What to work on: Given the entries that follow, write out exactly the lines starting at the one containing "Man in gold shirt fishing on river bank" and ending at the one containing "GoGo Penguin GGP/RMX", both ends included, and only those.

Exercise materials:
-------

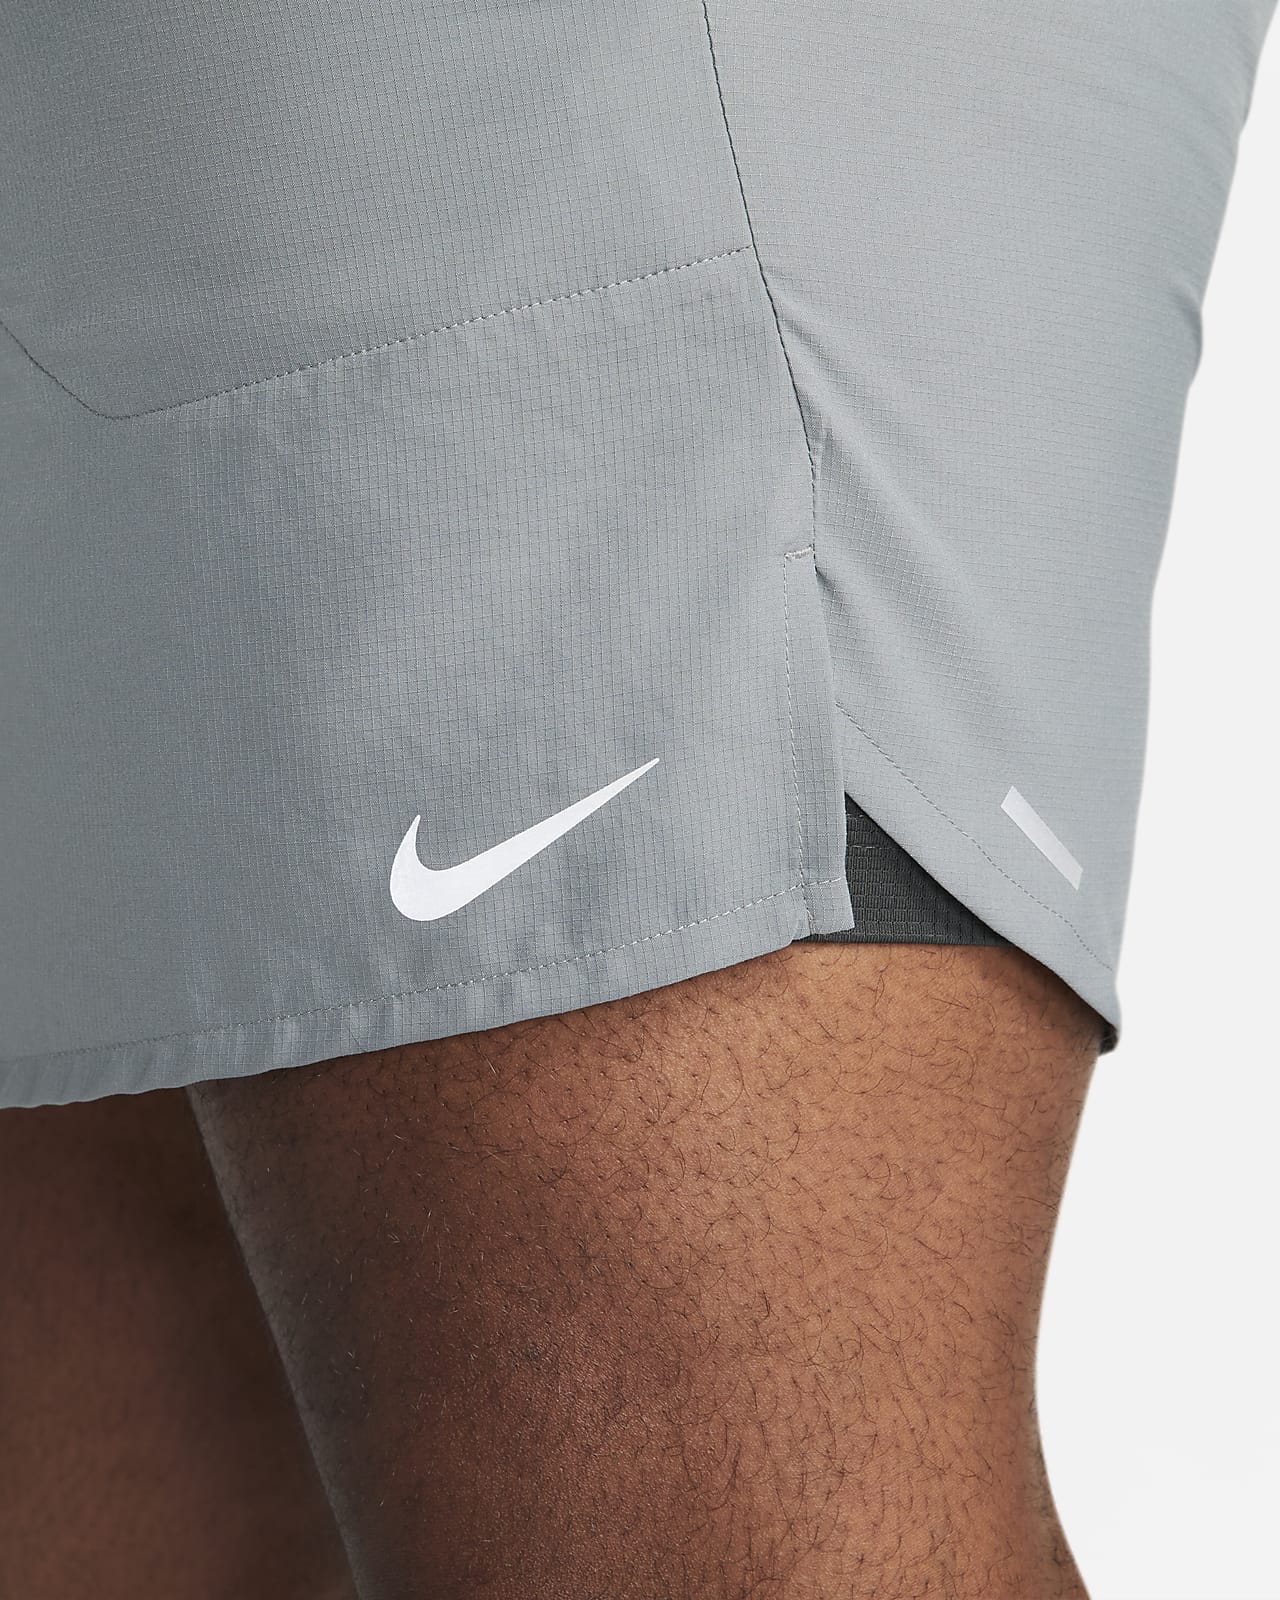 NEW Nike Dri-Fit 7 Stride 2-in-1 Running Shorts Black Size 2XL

-------

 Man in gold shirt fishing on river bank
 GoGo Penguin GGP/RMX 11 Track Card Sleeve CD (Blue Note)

-------

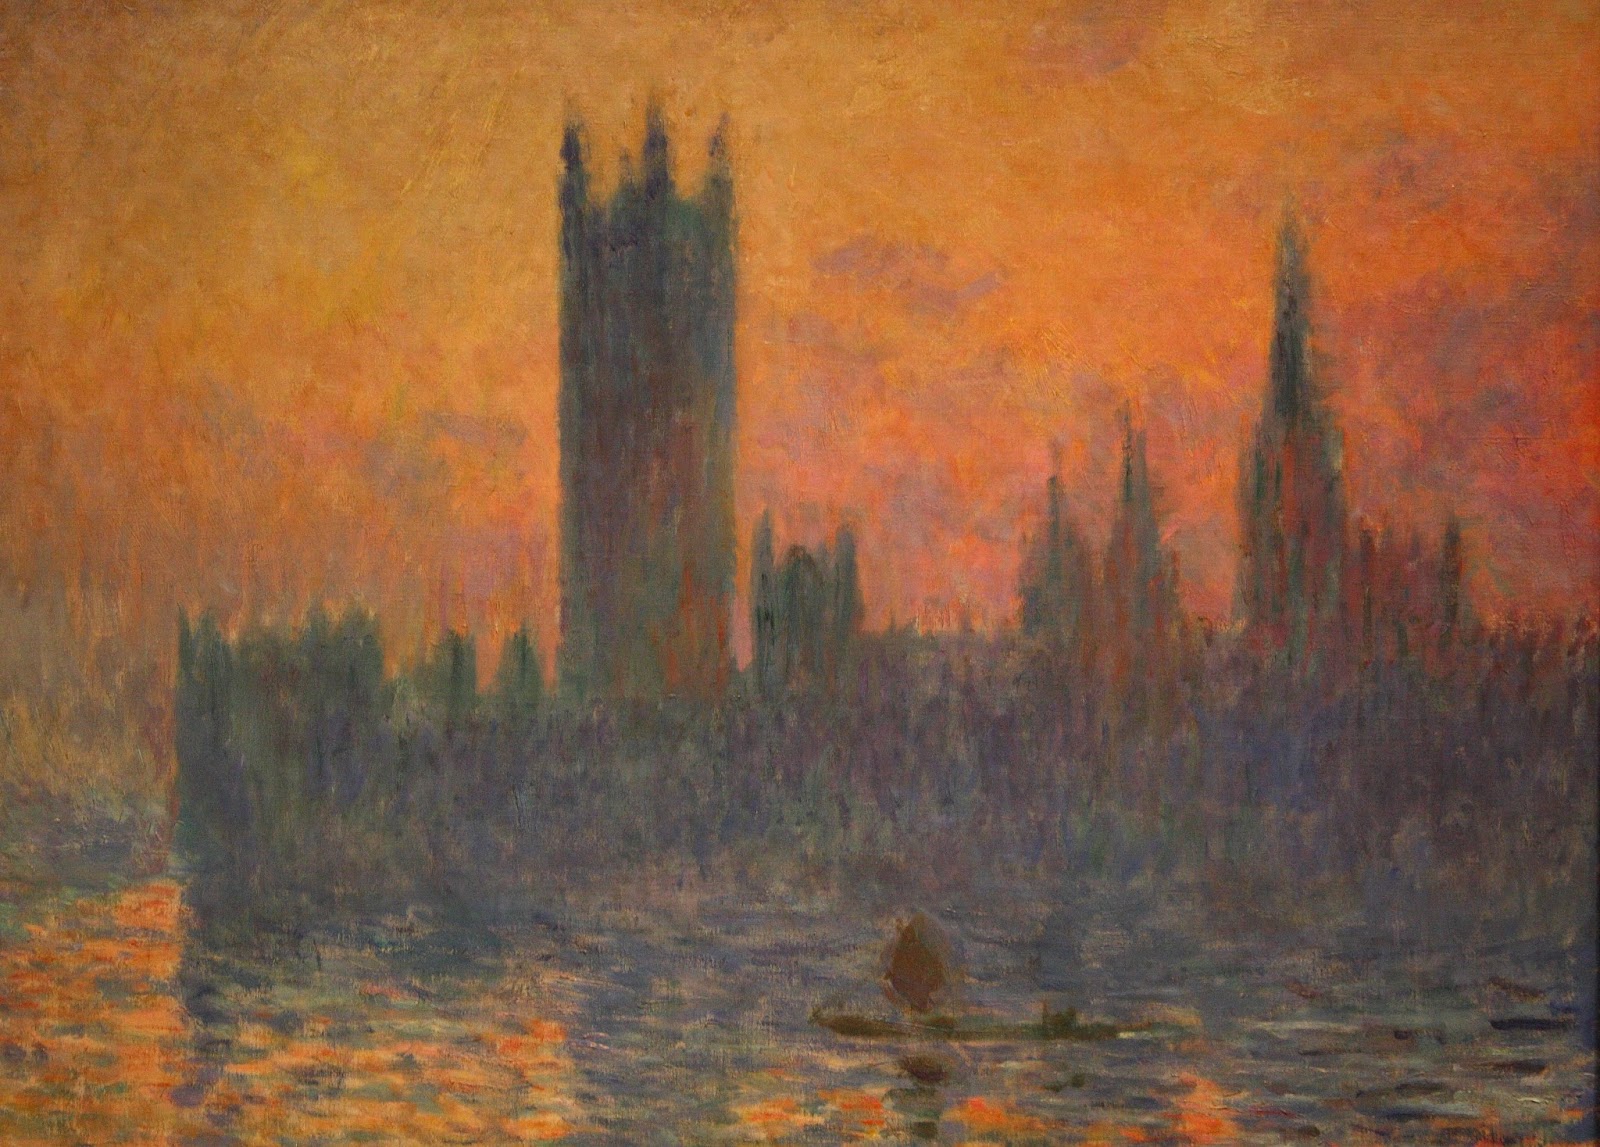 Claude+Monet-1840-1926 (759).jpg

-------

Output:
 Man in gold shirt fishing on river bank
 GoGo Penguin GGP/RMX 11 Track Card Sleeve CD (Blue Note)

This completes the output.